I live in a part of Maine that has seen an influx of African refugees over the past five years or so. Personally, I believe their arrival has enriched our community. Many of my classmates are Somali and Ethiopian. Many of them, like me, are studying to be nurses. Our instructors encourage them to offer cultural perspectives in class.

Unfortunately, many of them have not received the same welcome in town. Many have been greeted by the same disappointing attitudes voiced by some of the posters on this thread -- people who absurdly equate rude behavior with ethnicity, for example, or who can't figure out why refugees from other countries come across as demanding. Could it be that after surviving rape and terrorism in their own countries, after seeing family members murdered, they've learned that the only way to stand up for themselves is to be demanding?

By the way, if behaving "like us" means sharing the ethnocentric attitudes voiced by some of the previous posters, I hope I don't behave "like us" either. When I saw the title of this thread, I logged on thinking that I would learn about cultural aspects of caring for patients from other countries. Instead, I've learned about cultural aspects of nurses from my own country.
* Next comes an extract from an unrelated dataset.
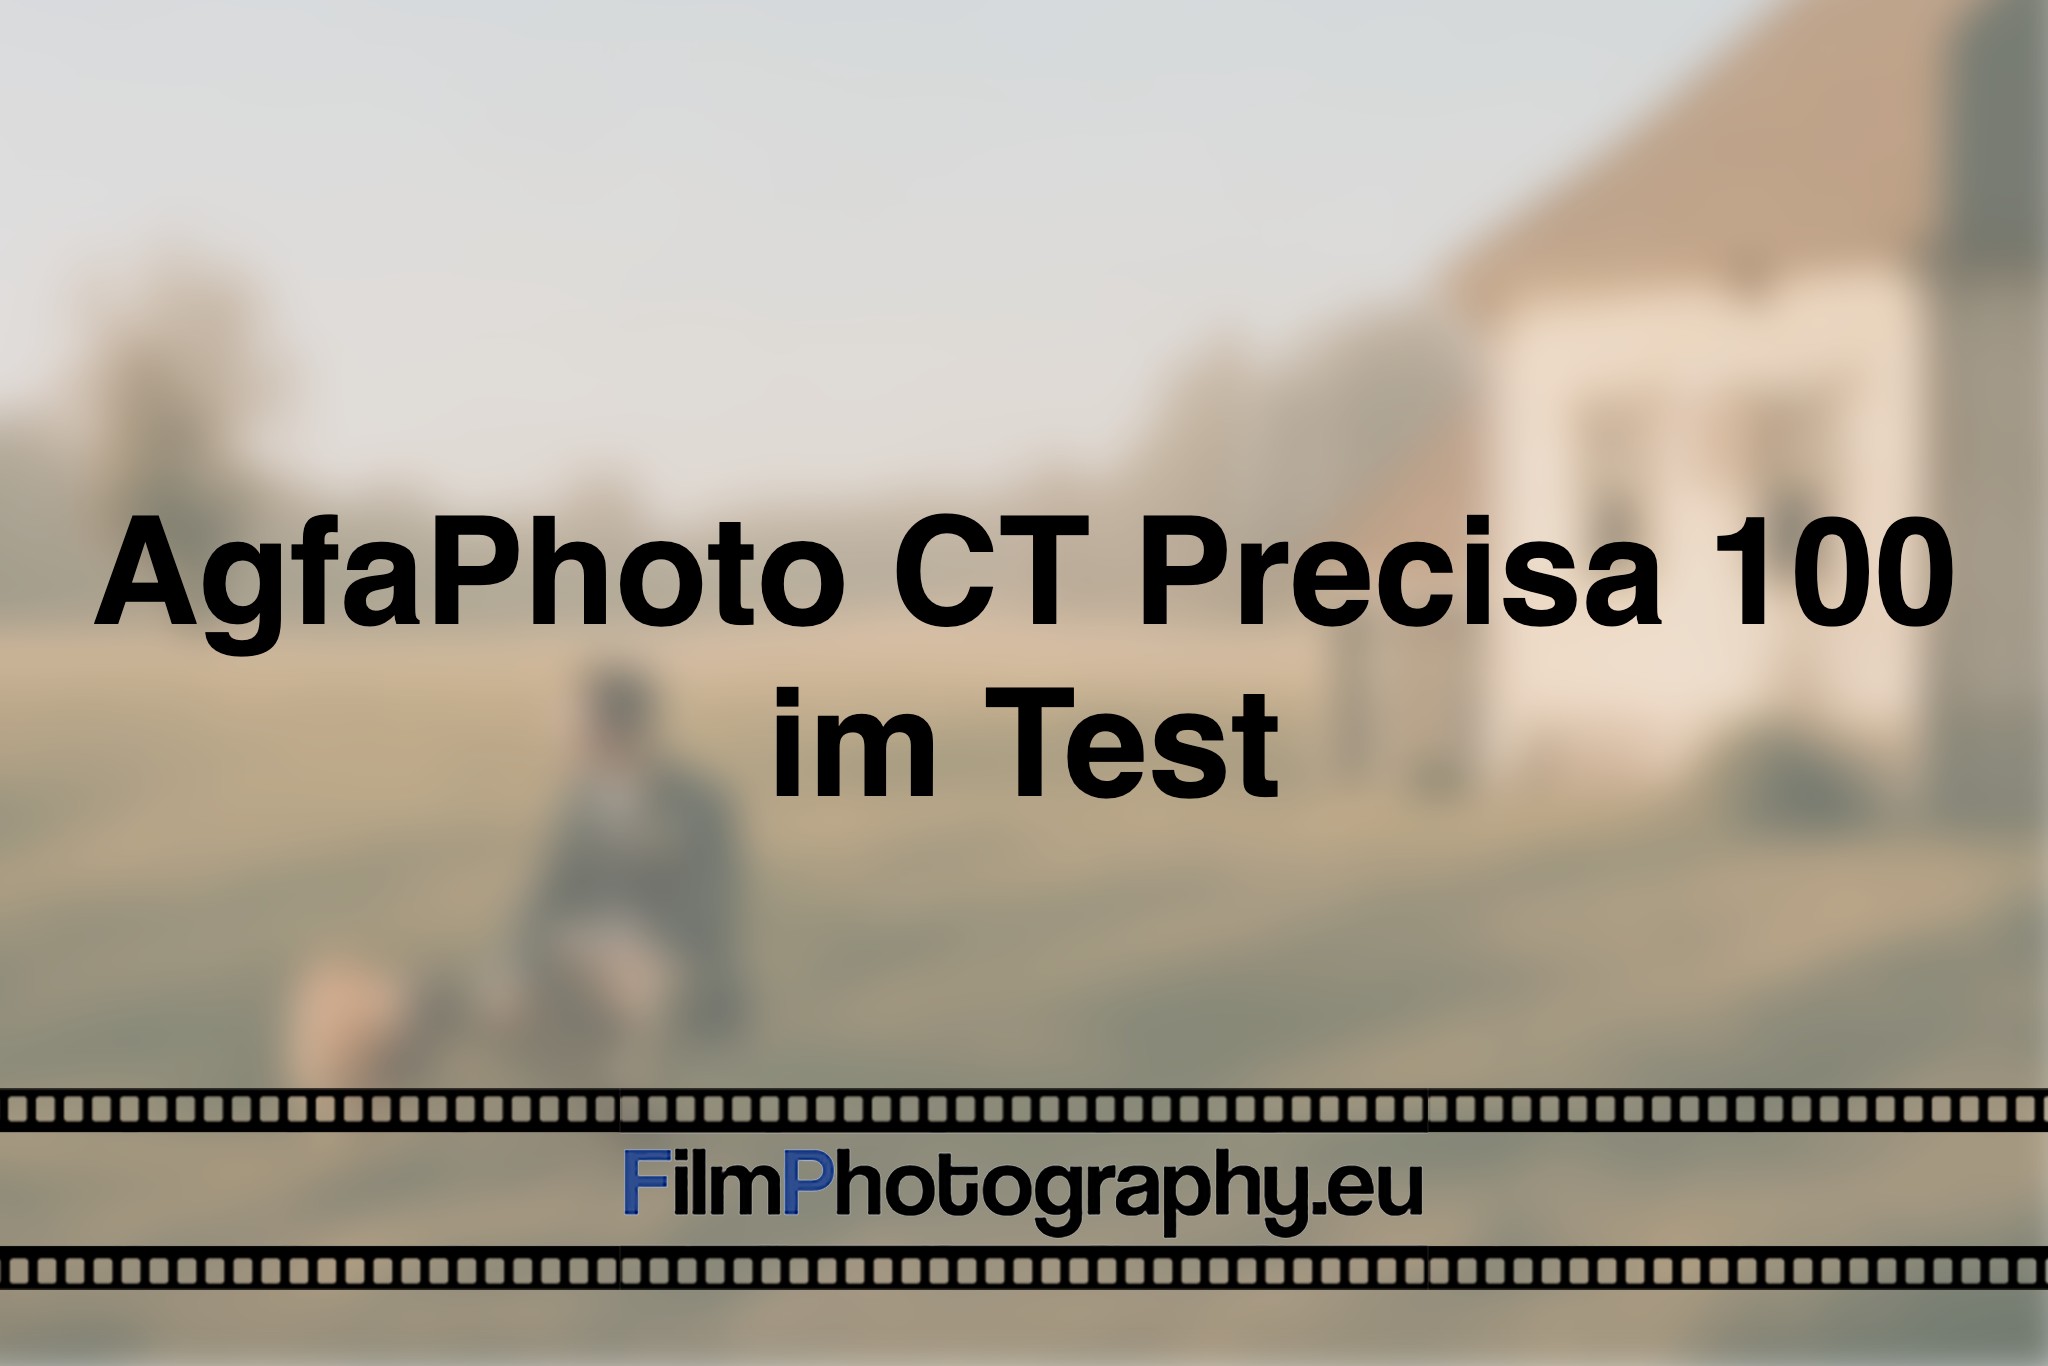 agfaphoto-ct-precisa-100-im-test-photo-bnv

How depressing.

Specializes in Community, OB, Nursery.
Could it be that after surviving rape and terrorism in their own countries, after seeing family members murdered, they've learned that the only way to stand up for themselves is to be demanding?
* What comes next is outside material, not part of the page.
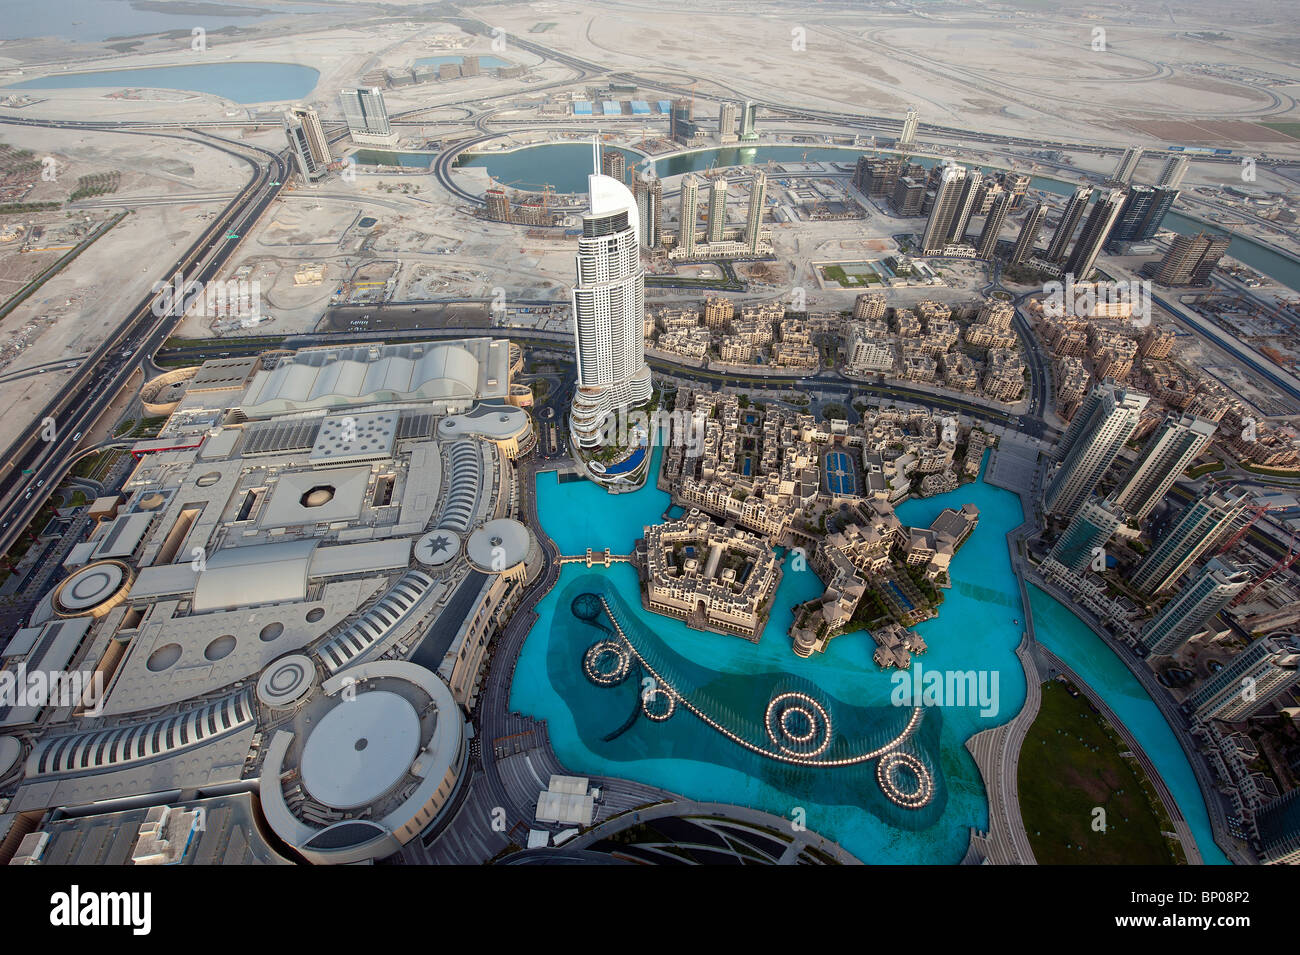 At The Top viewing platform on the Burj Khalifa, Dubai, UAE Stock Photo

Very good point, I had never thought of that before.

There are varying degrees of FGC, with the most extreme being removal of the privy parts, labia minora, and most of the labia majora. The labia are sewn shut with a small opening left for urine and menstrual blood.

The 'mildest' form (if it can indeed be called mild - I don't think so) involves either making a pinprick mark on or removing the sheath (prepuce) covering the privy parts. This sheath is analogous to the male foreskin, as the privy parts is analogous in embryonic development to the glans member.

So why don't we consider removing the clitoral prepuce in girls?

Castration is removal of the gonads - ovaries or testes.

I think all of it - male, female and any degree, is mutilation.

I formed my opinions of female genital mutilation after reading this book- written by a Somali woman who survived this horrible tradition. Not all girls live through it.

http://www.amazon.com/Desert-Flower-Extraordinary-Journey-Nomad/dp/0688172377/ref=pd_bbs_sr_1/103-9847523-5629406?ie=UTF8&s=books&qid=1194571980&sr=8-1

Specializes in Community, OB, Nursery.

Oh, I think it is horrible too. No argument there. Actually, horrible isn't a strong enough word. I will definitely look into that book. I just finished reading a book too, called Warrior Marks by Alice Walker, the author of The Color Purple and it was really hard to read. She traveled to Africa, stayed for a while, and talked with women who'd been cut, women who did the cutting, and various other elders of the communities she visited. Very eye-opening.

There is a very good article in one of the August-September issue of AWHONN's Nursing for Women's Health. I will try to find it and post a link.